> _Task item_:
Leave out the pictures, and retype the remaining data exactly.
::: Data below
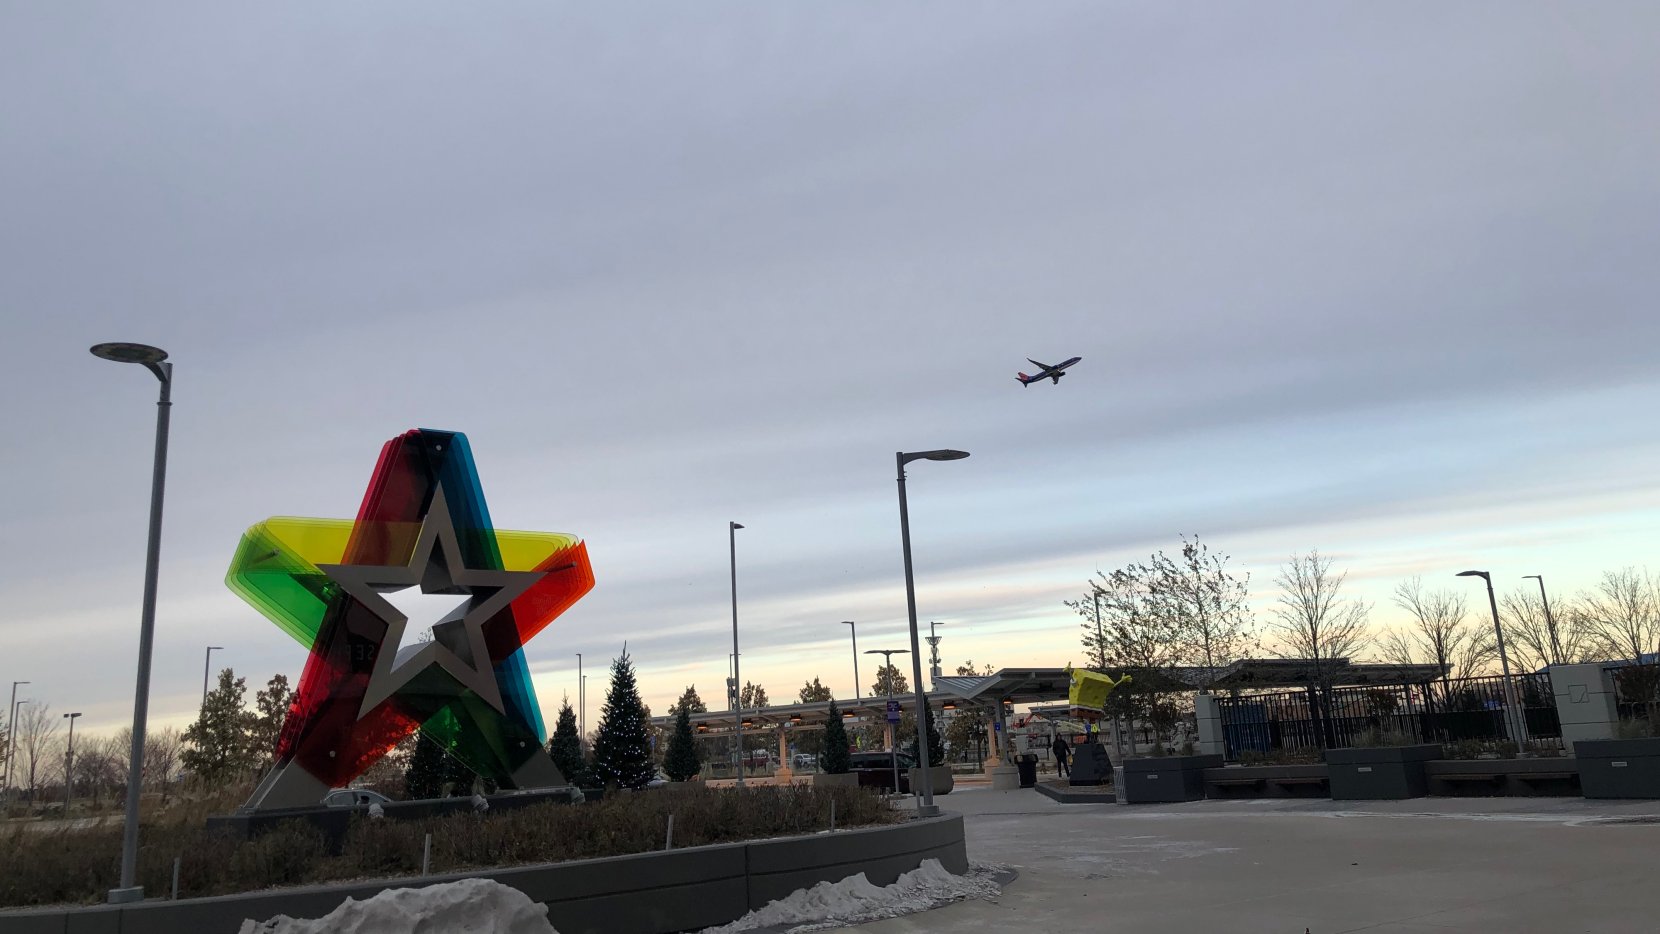 Mall of America sign with a jet taking off in the background.
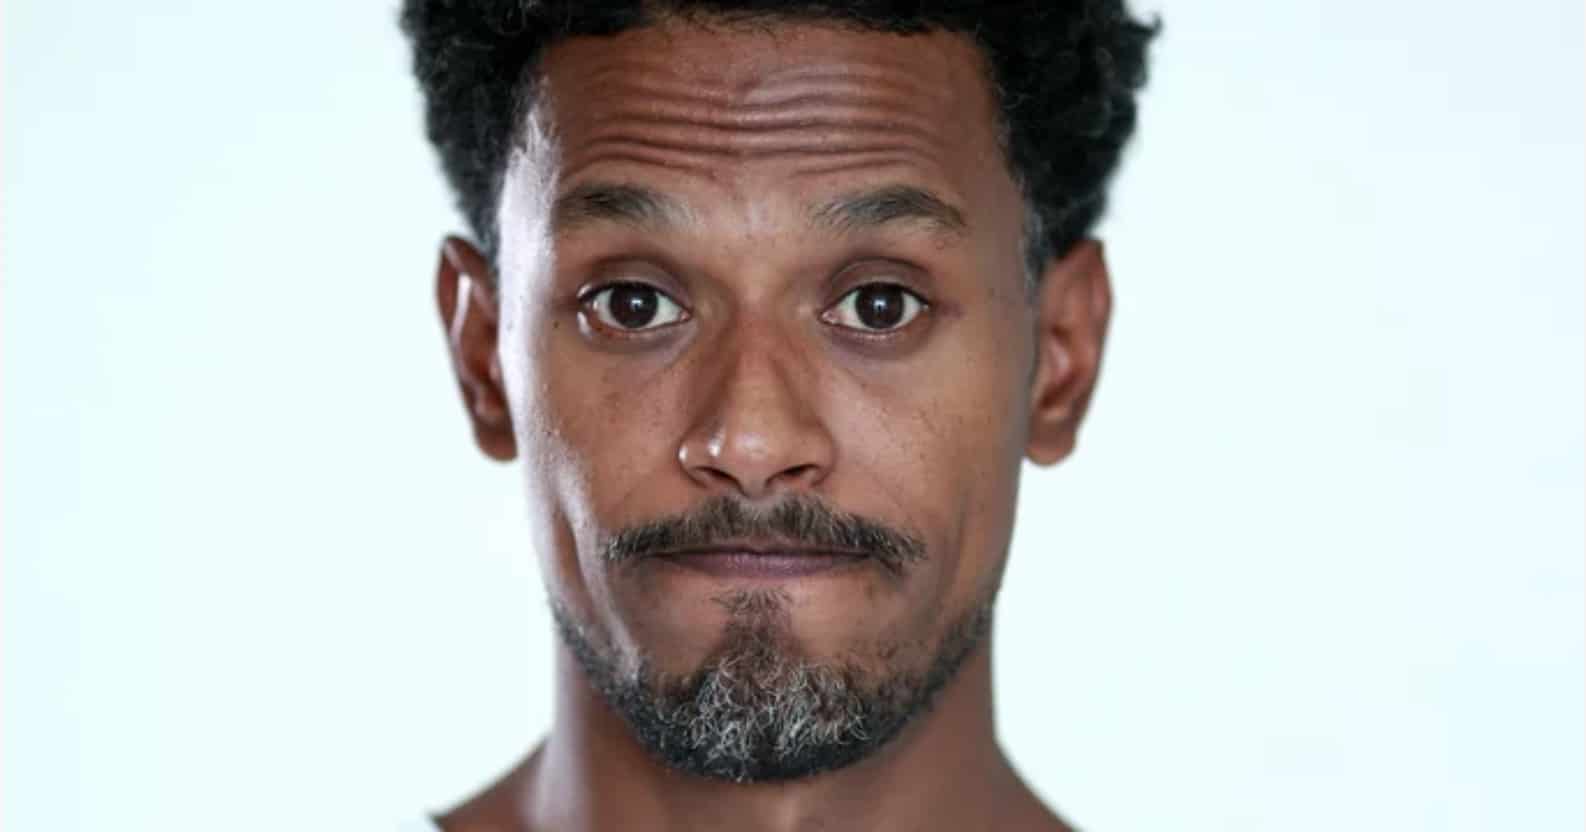 A Black man with an expression that could be read any number of ways, much like the layered findings that people think vegans think they’re better than everyone (and some vegans do…and so do non-vegans). Vegan's perceived self-righteousness is one of the main reasons given for why people "hate" vegans.
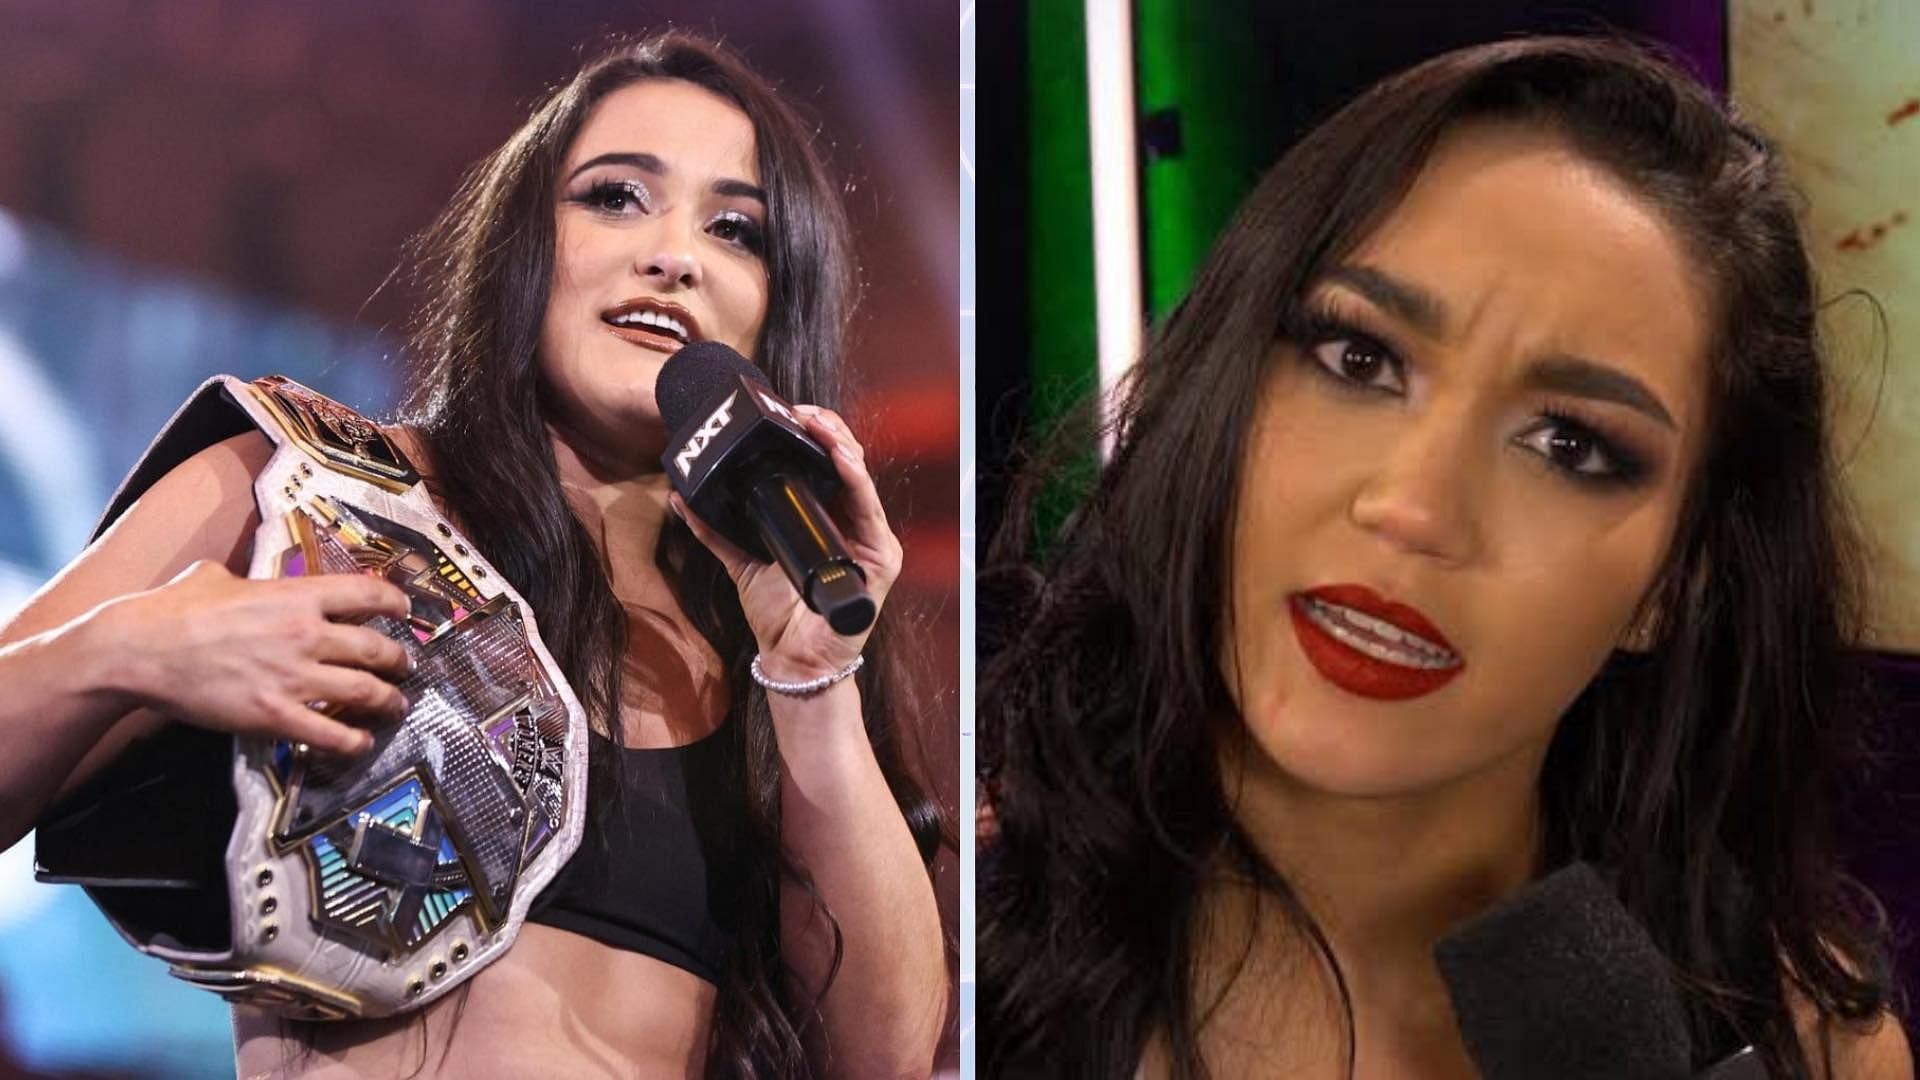 Roxanne Perez and Lyra Valkyria will clash at WWE
::::::
> _Exercise output_:
 Mall of America sign with a jet taking off in the background.
 A Black man with an expression that could be read any number of ways, much like the layered findings that people think vegans think they’re better than everyone (and some vegans do…and so do non-vegans). Vegan's perceived self-righteousness is one of the main reasons given for why people "hate" vegans.
 Roxanne Perez and Lyra Valkyria will clash at WWE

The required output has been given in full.